Aus*_*ers 6 server-room electrical-power surge-protection
We have been experiencing a very strange problem in our new office's server room across all the power outlets.
Specifically, when all the equipment is up and running (i.e. the air conditioning system, 2x rack mounted servers, 5x 48-port PoE switches and also the door access system - which has its backup batteries and main control circuits based inside the server room) we occasionally see the servers spontaneously reboot, the door access system reboots and the PoE switches simultaneously lurch into a non-functional state for 20 minutes or more at a time. When this happens, all three systems reboot simultaneously. All three systems are on the same circuit.

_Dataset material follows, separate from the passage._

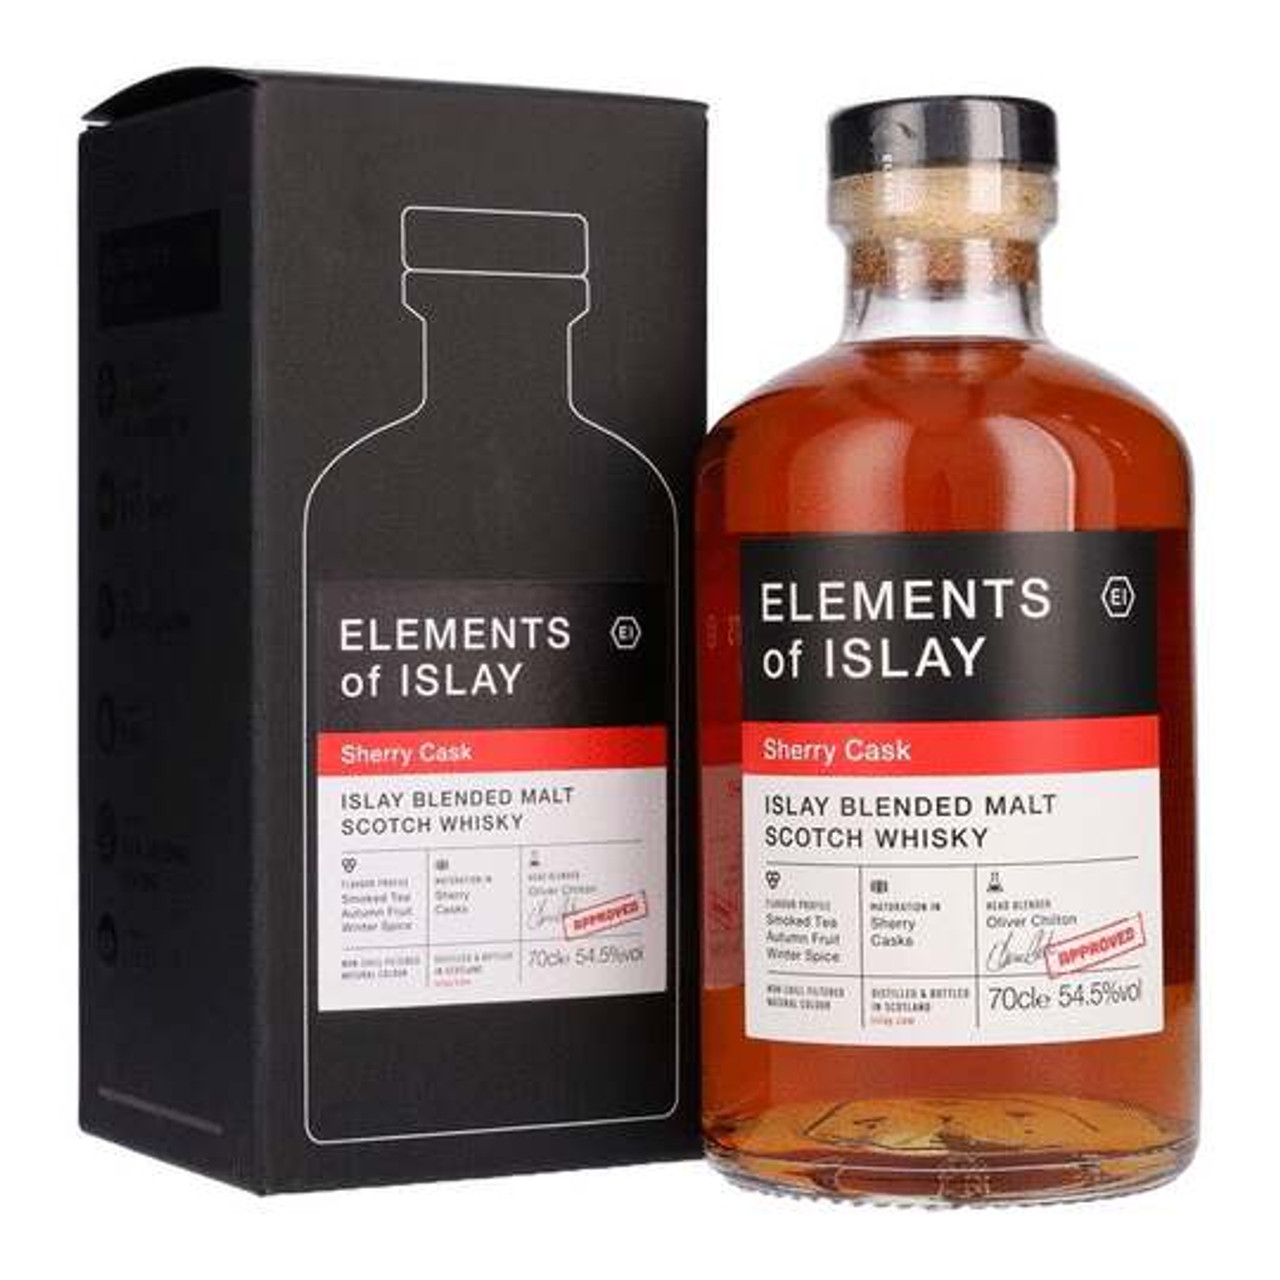 Elements of Islay, Sherry Cask

The servers and switches are running on a UPS device and the card access system also has a backup battery of its own - so a simple momentary loss of power would not explain this as everything should just continue to run from the UPS without interruption. We've disconnected the UPS from the wall and have seen the servers continue to run, as expected - so the UPS seems to be working properly as far as power outages are concerned.
None of the circuit breakers have ever tripped or needed to be reset.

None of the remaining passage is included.